*Task objective*. Give back exactly the lines starting at the one with "Chloe leather mini" and ending at the last line of the data below. Pictures are not part of the copy.

*Raw data*.
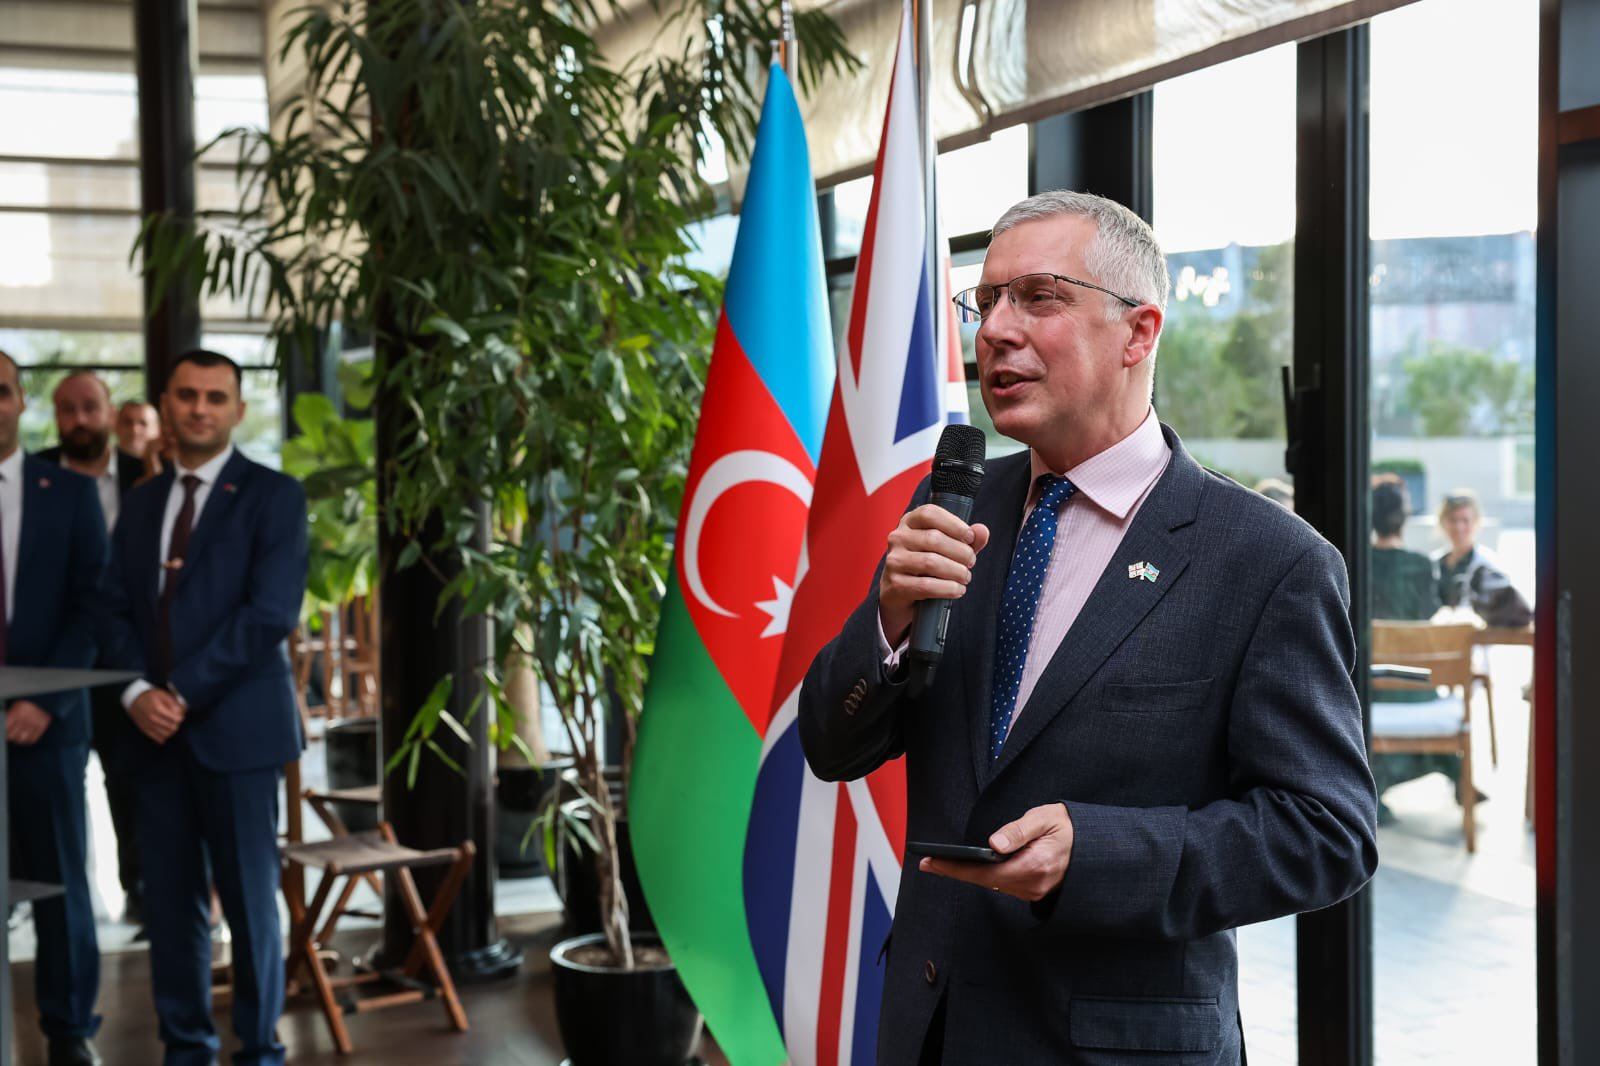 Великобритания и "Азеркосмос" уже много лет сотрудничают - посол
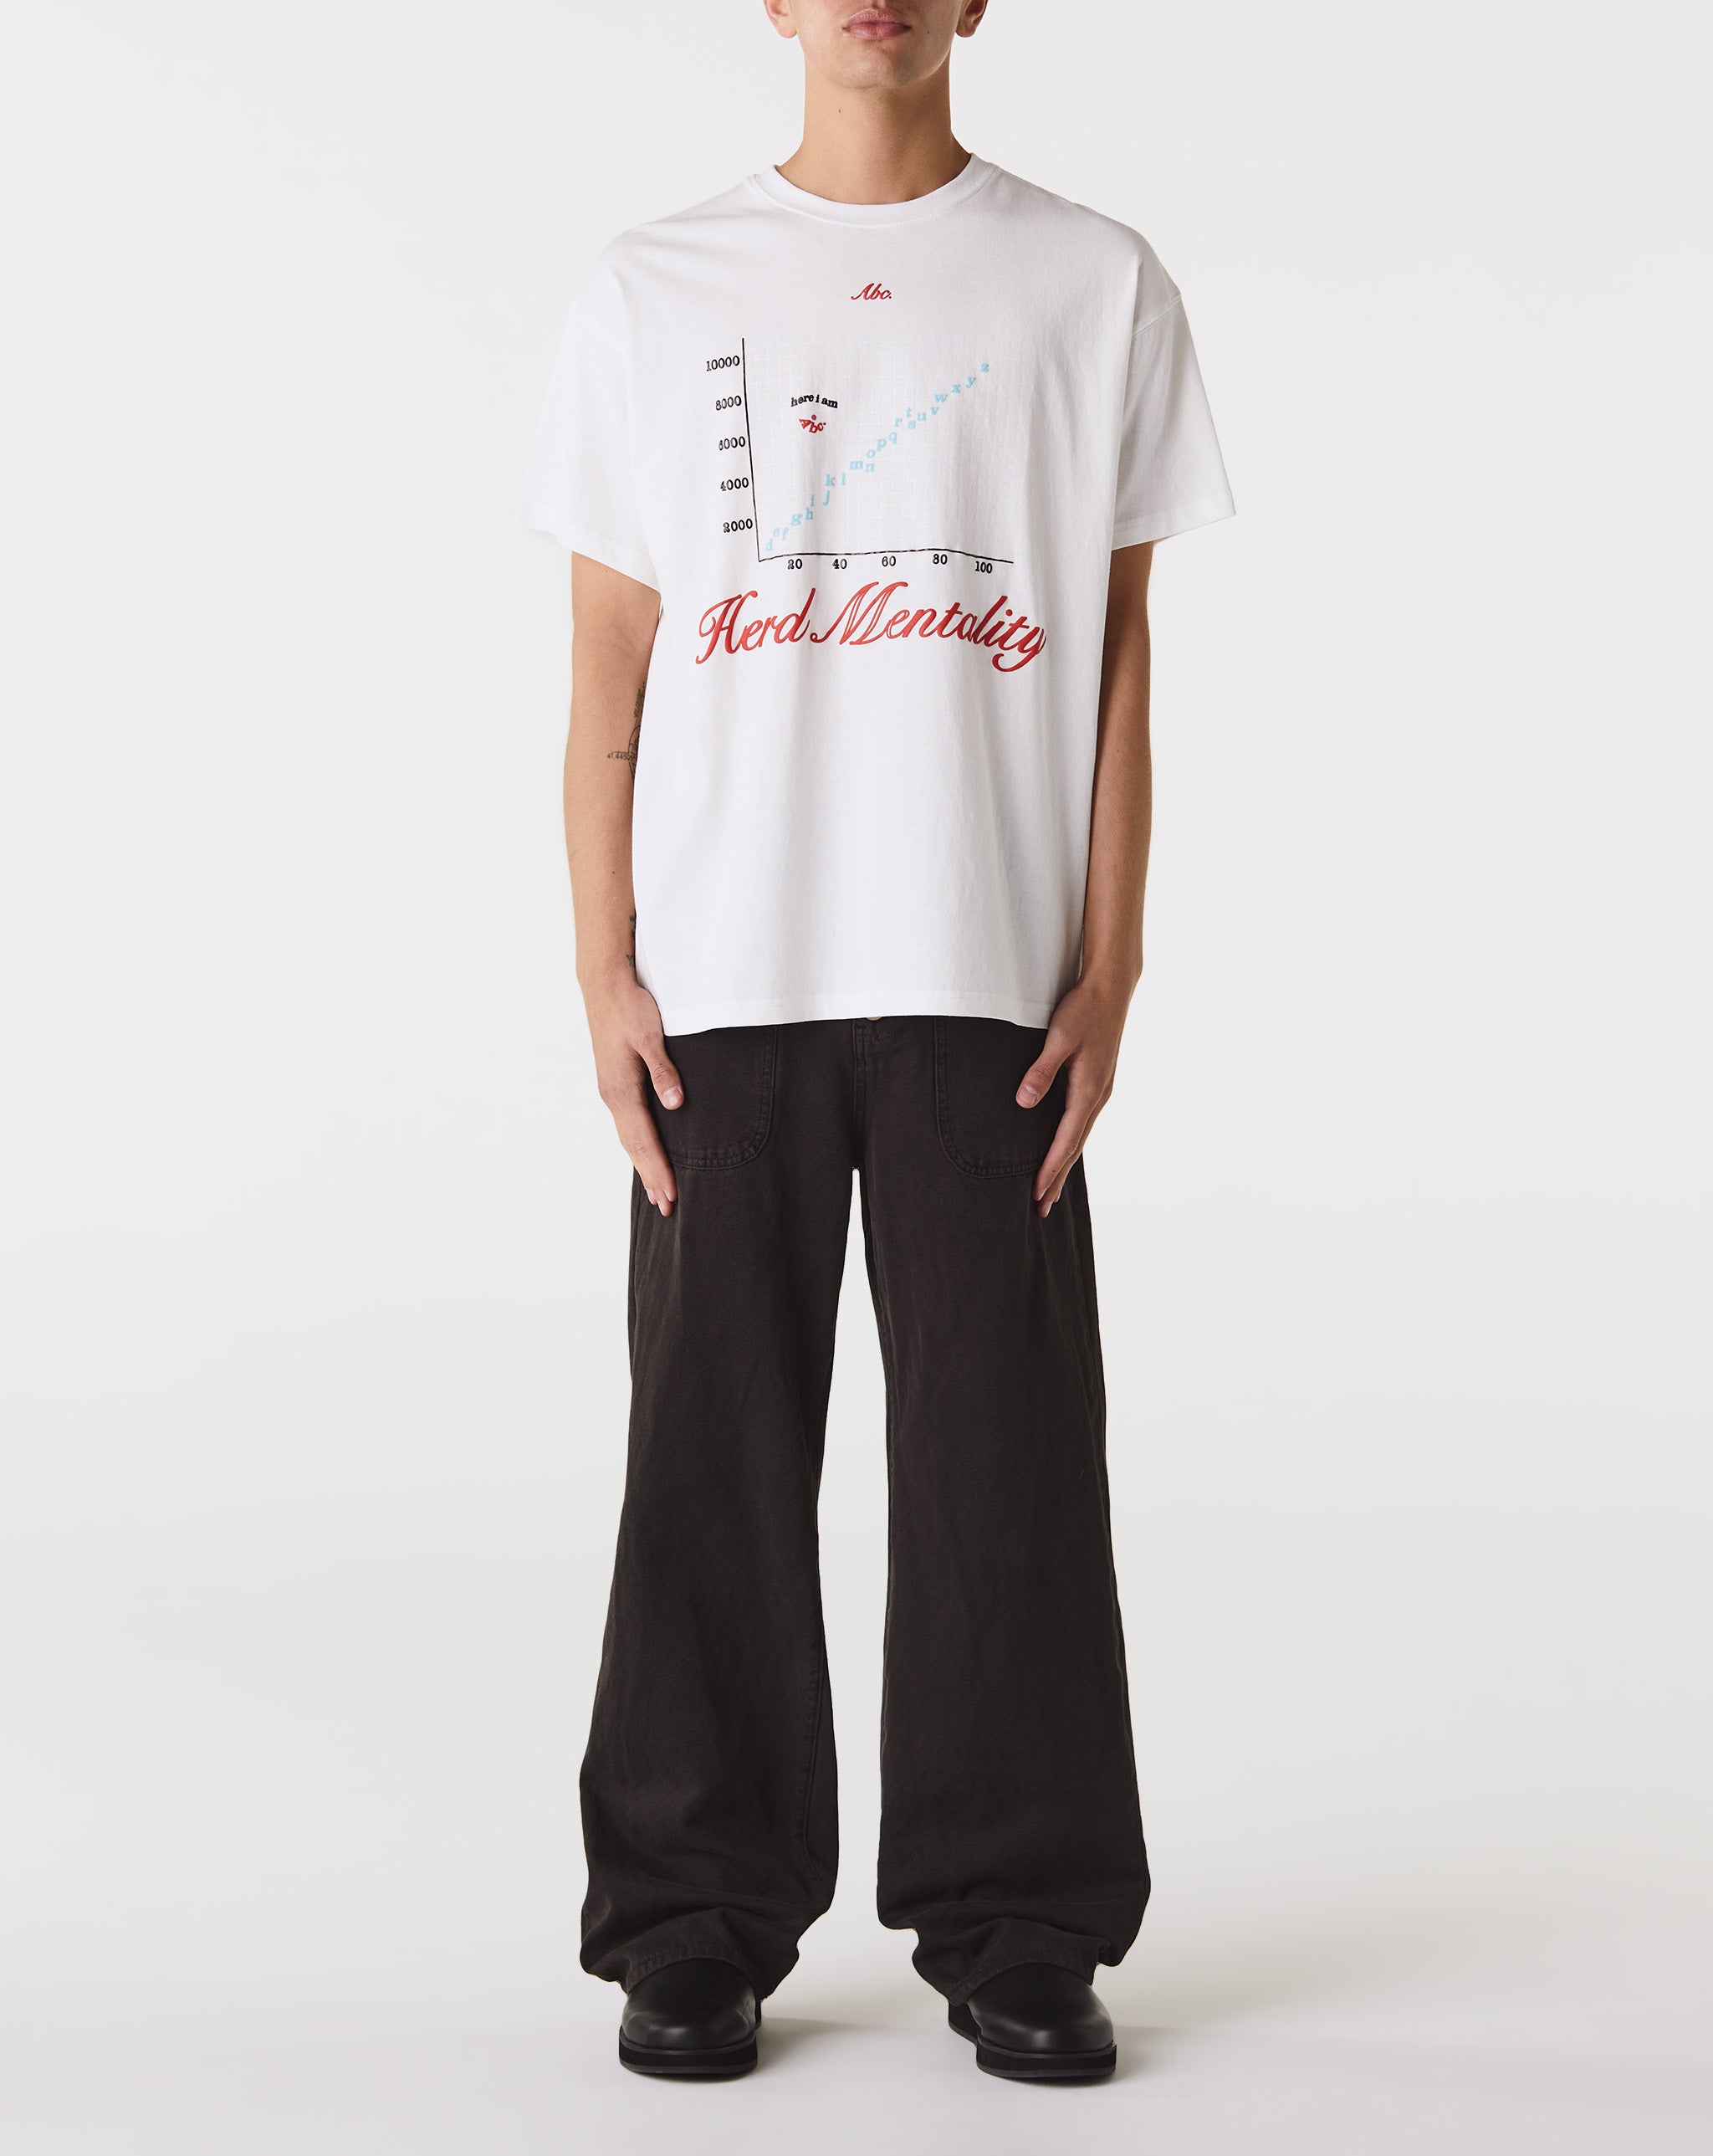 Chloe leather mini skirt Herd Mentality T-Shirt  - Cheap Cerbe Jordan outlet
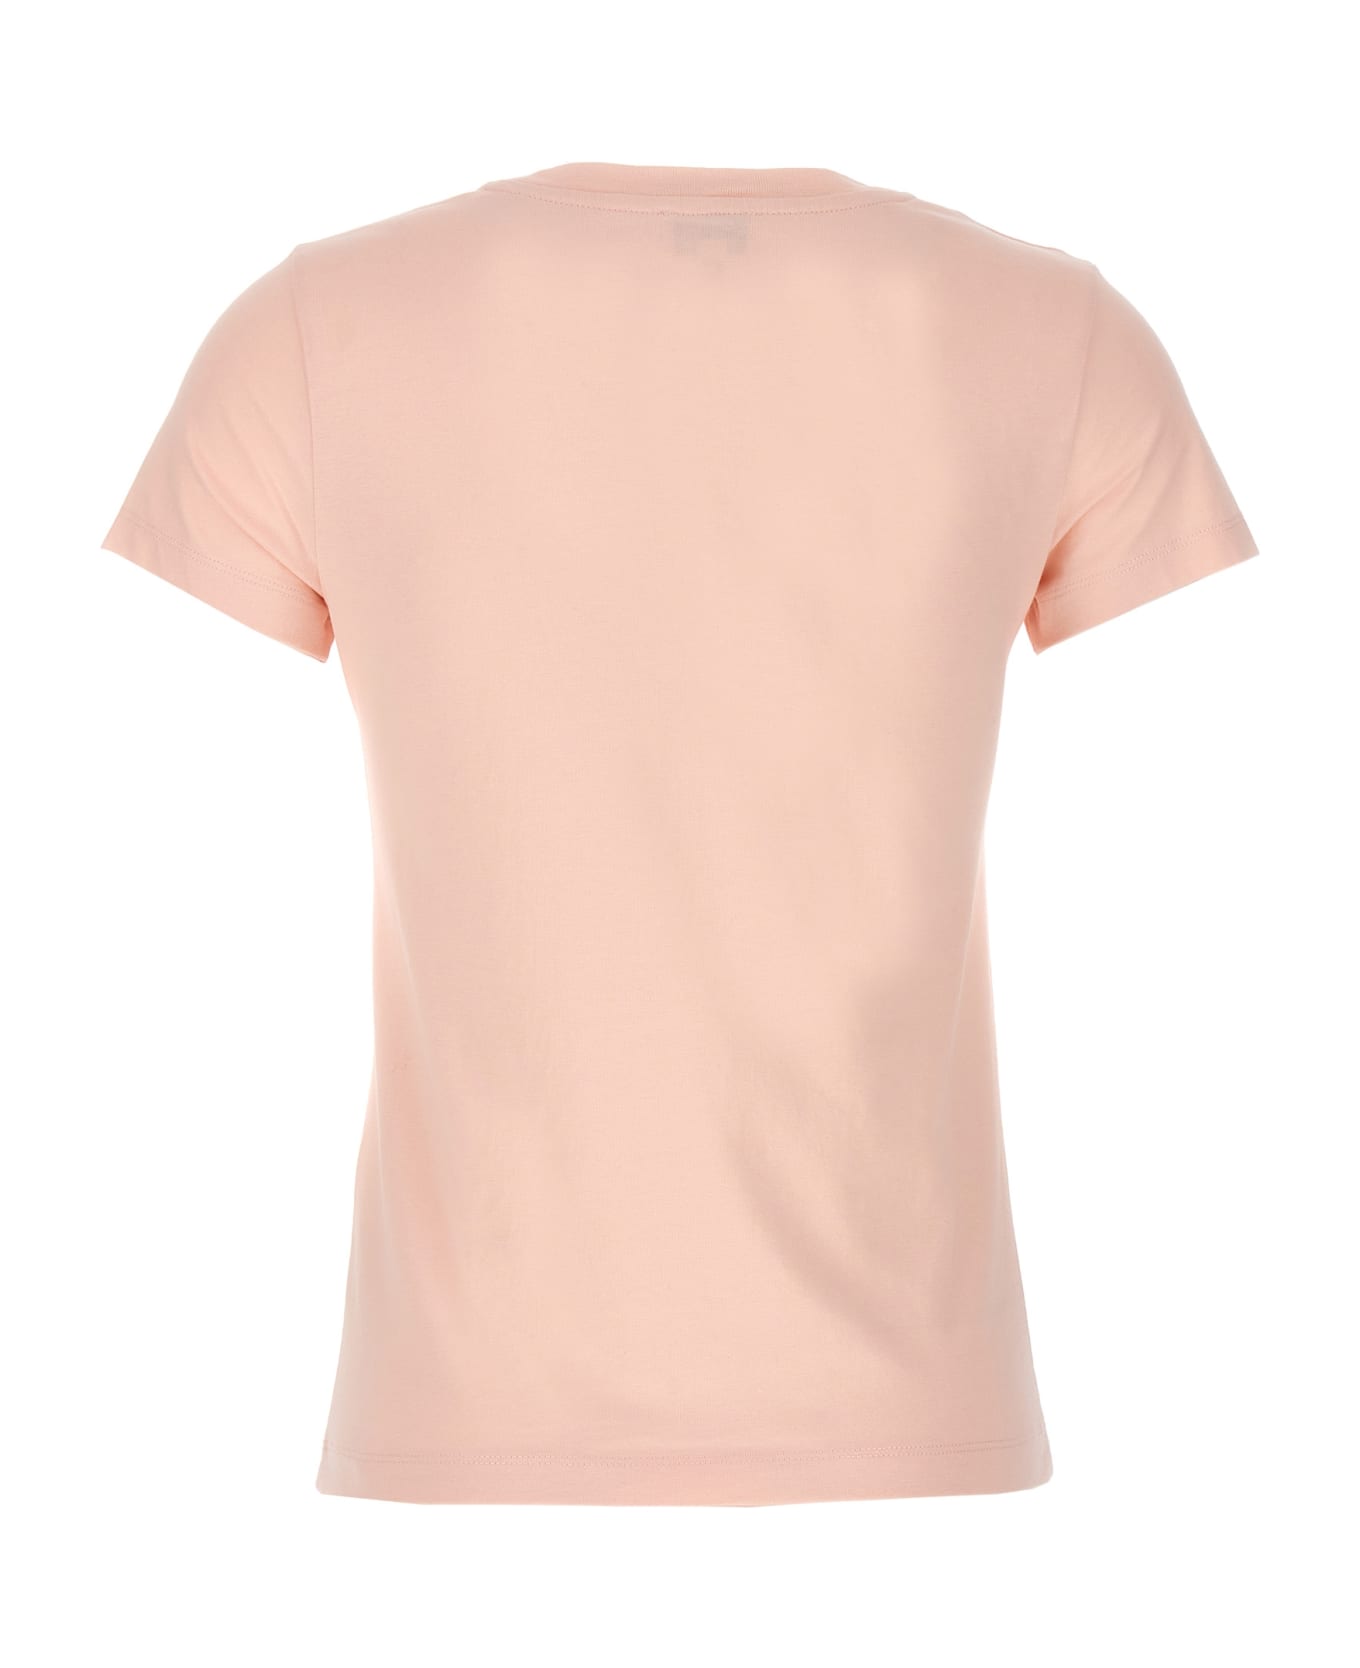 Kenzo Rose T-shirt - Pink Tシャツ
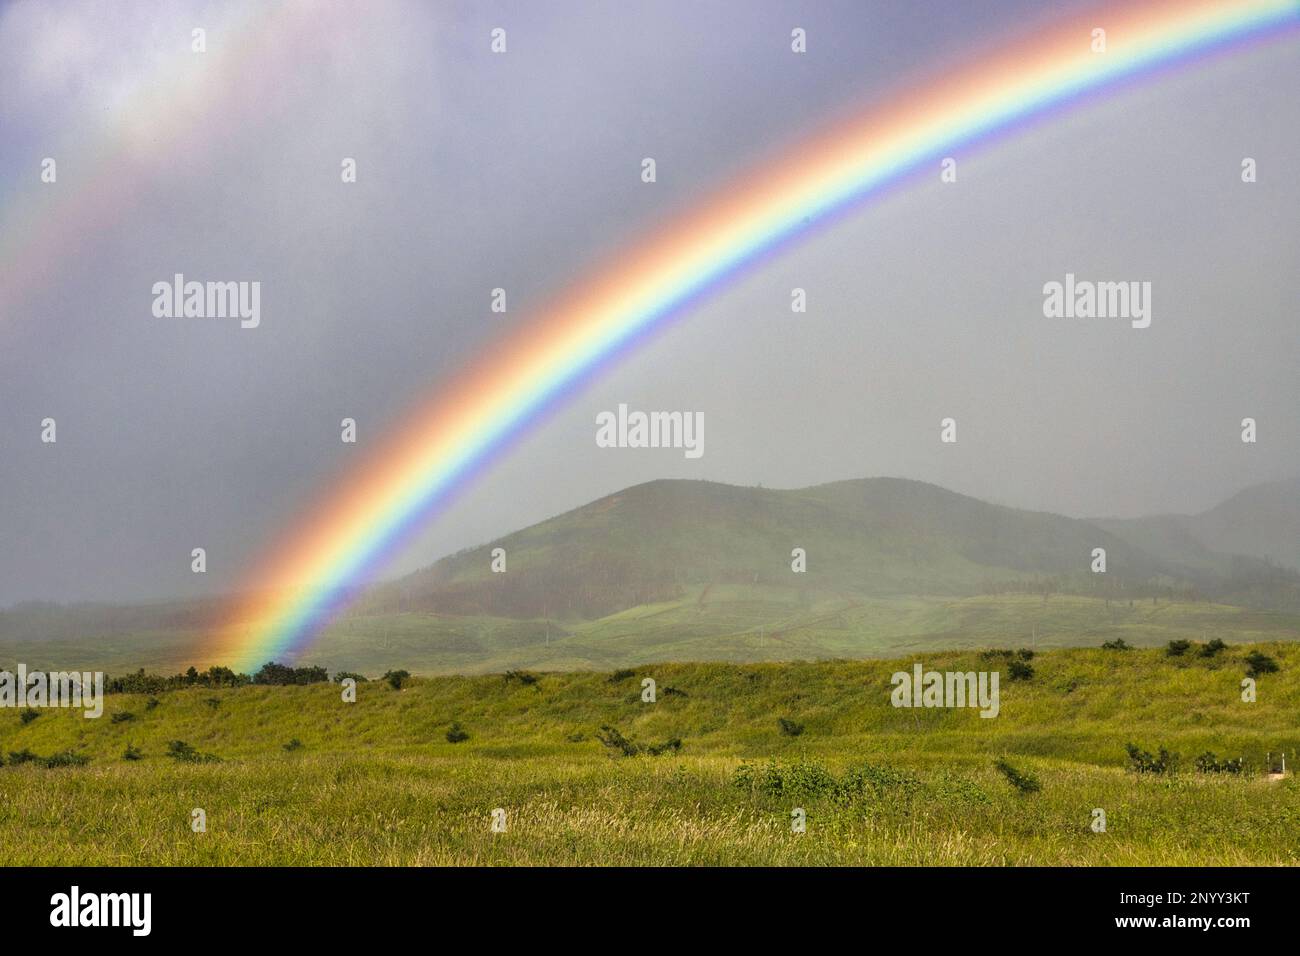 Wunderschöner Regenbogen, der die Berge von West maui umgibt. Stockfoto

*Output below*.
 Chloe leather mini skirt Herd Mentality T-Shirt  - Cheap Cerbe Jordan outlet
 Kenzo Rose T-shirt - Pink Tシャツ
 Wunderschöner Regenbogen, der die Berge von West maui umgibt. Stockfoto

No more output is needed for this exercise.